The Differences Between Clean, Natural, and Organic Food Labels
The definition of clean labels is widely accepted in the food industry as consumer-friendly labels with fewer ingredients and simple wording that people can understand. The clean label trend helps shoppers feel more in control of the food they consume, and its most important goal is transparency. There is currently no regulation regarding clean labeling and switching to a clean label is relatively simple and inexpensive.
 
Using the word ‘natural’ on a food label is more complicated – while the FDA is yet to provide a formal definition for the term, they suggest natural food cannot contain anything artificial or synthetic, including all color additives2. Natural ingredients come from plants, animals, or micro-organisms, such as bacteria and fungi.
 
You must comply with strict regulations to label food, beverages, or ingredients as ‘organic’. Third-party certification bodies, such as the USDA or Ecocert, consider the sourcing and the food processing methods when awarding organic certification. To make processed, multi-ingredient foods 100% organic, you must include only organic-certified flavoring, fragrance, and preservatives.
 
Organic farming practices aim to conserve natural resources, preserve biodiversity, and protect animal welfare – they prohibit synthetic fertilizers and pesticides, GMOs, antibiotics, hormones, artificial colors, flavors, and preservatives. Products containing between 70 – 99% organic ingredients may only use the words ‘made with organic’ on the label and cannot bear the certified-organic seal.
 
What are ‘Natural Flavors’?
Research suggests that ‘natural flavors’ is the fourth most common ingredient listed on food labels3 – the term refers to a group of flavoring ingredients that add no nutritional value to foods or beverages. The FDA-approved sources for natural flavors include spices, fruit, vegetables, herbs, all plant material, meat, seafood, poultry, eggs, dairy products, or fermented plant and animal products4. The FDA also lists roasting, heating, or using enzymes as approved ways to extract natural flavors.
 
While natural flavorings must come from plant or animal sources, the FDA permits flavorists to use synthetic solvents, emulsifiers, and preservatives during their production process without disclosing these processing aids on the final ingredient list. Commonly used ingredients for natural flavors include amyl acetate (banana), citral (citrus), benzaldehyde (almond), linden ether (honey), acetoin (butter), and massoia lactone (coconut).
 
Is Natural Flavor Healthier Than Artificial Flavor?

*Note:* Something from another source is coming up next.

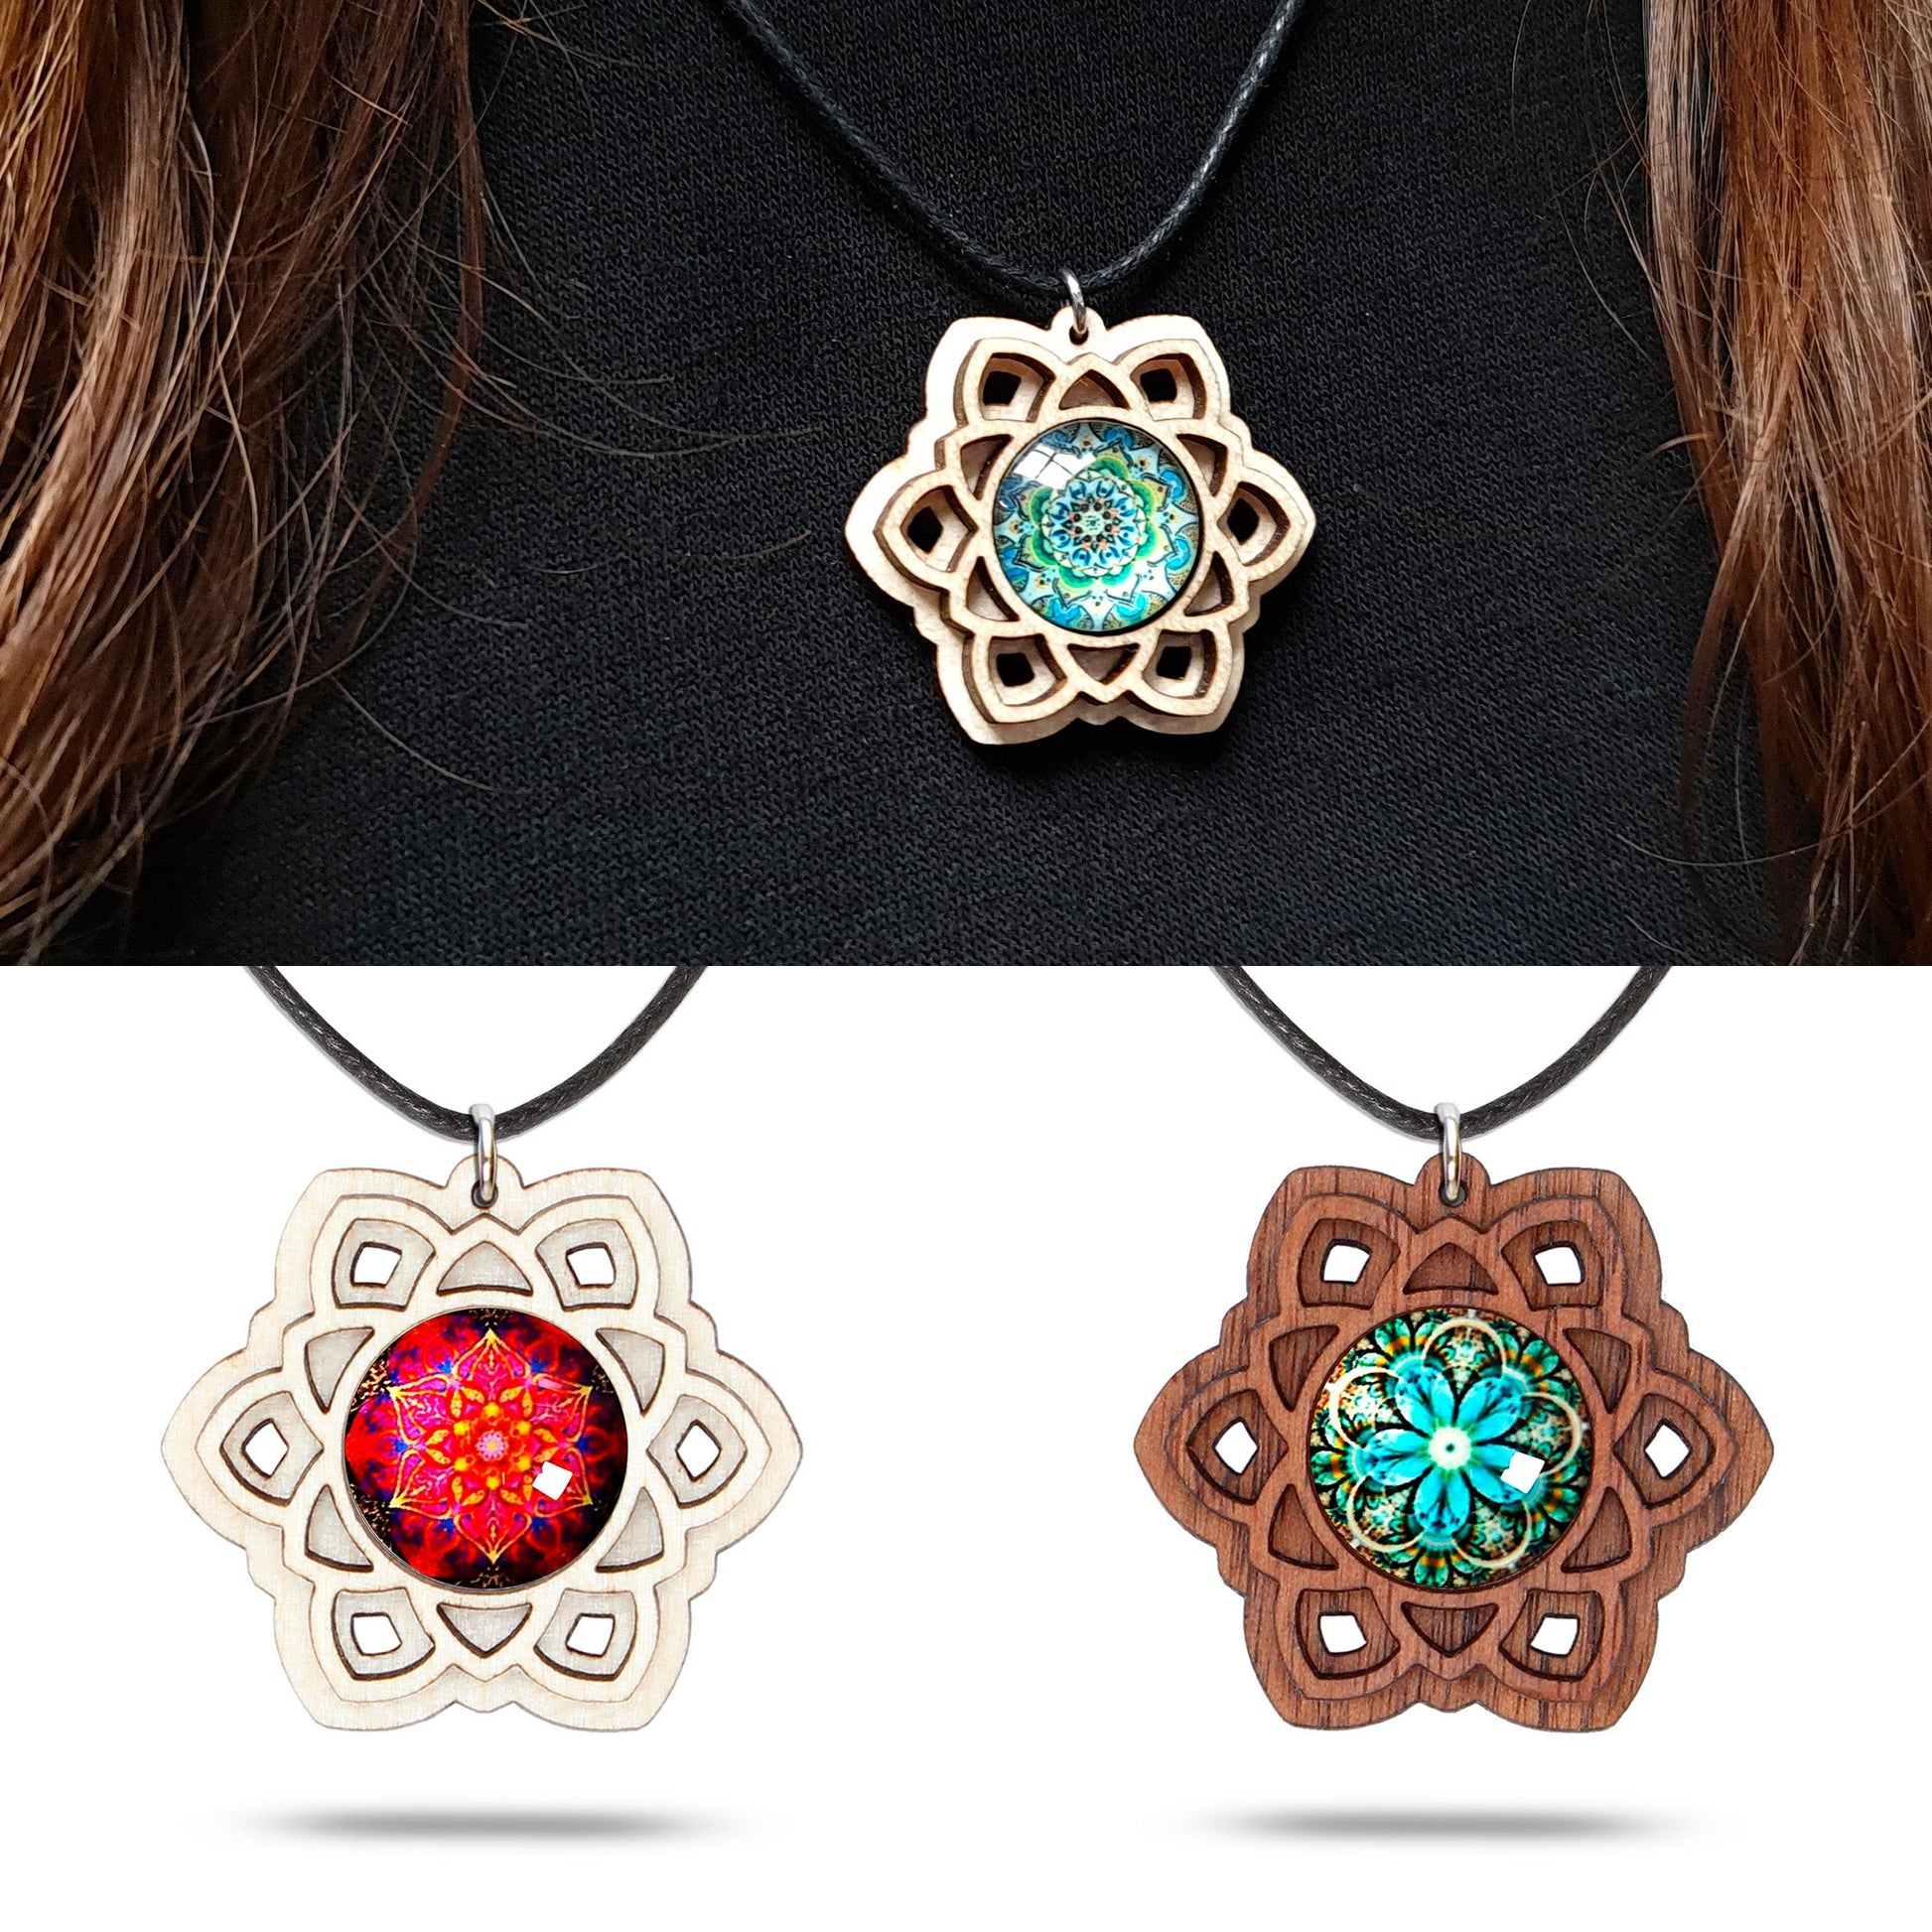 Halskette Mandala "Sonne" groß aus Holz mit Glasstein - Nanino Design Onlineshop -

Both natural and artificial flavors add no nutritional value to food and beverages, and neither one holds any caloric value or health benefits. All flavorings must undergo testing before the FDA approves them as safe. Just because a flavoring is labeled, ‘natural’ does not make it healthier or superior to an artificial flavor. Flavorists often use artificial flavors to create more robust, unique flavor profiles.
 
Consumers value transparency when it comes to food labels – and choosing familiar ingredients, getting organic certification, or explaining your sourcing can help build trust with your customers. Advanced Biotech is a leading supplier of natural, certified-organic, and EU natural flavoring and fragrance ingredients for the food and beverage industry. Please contact us for more information.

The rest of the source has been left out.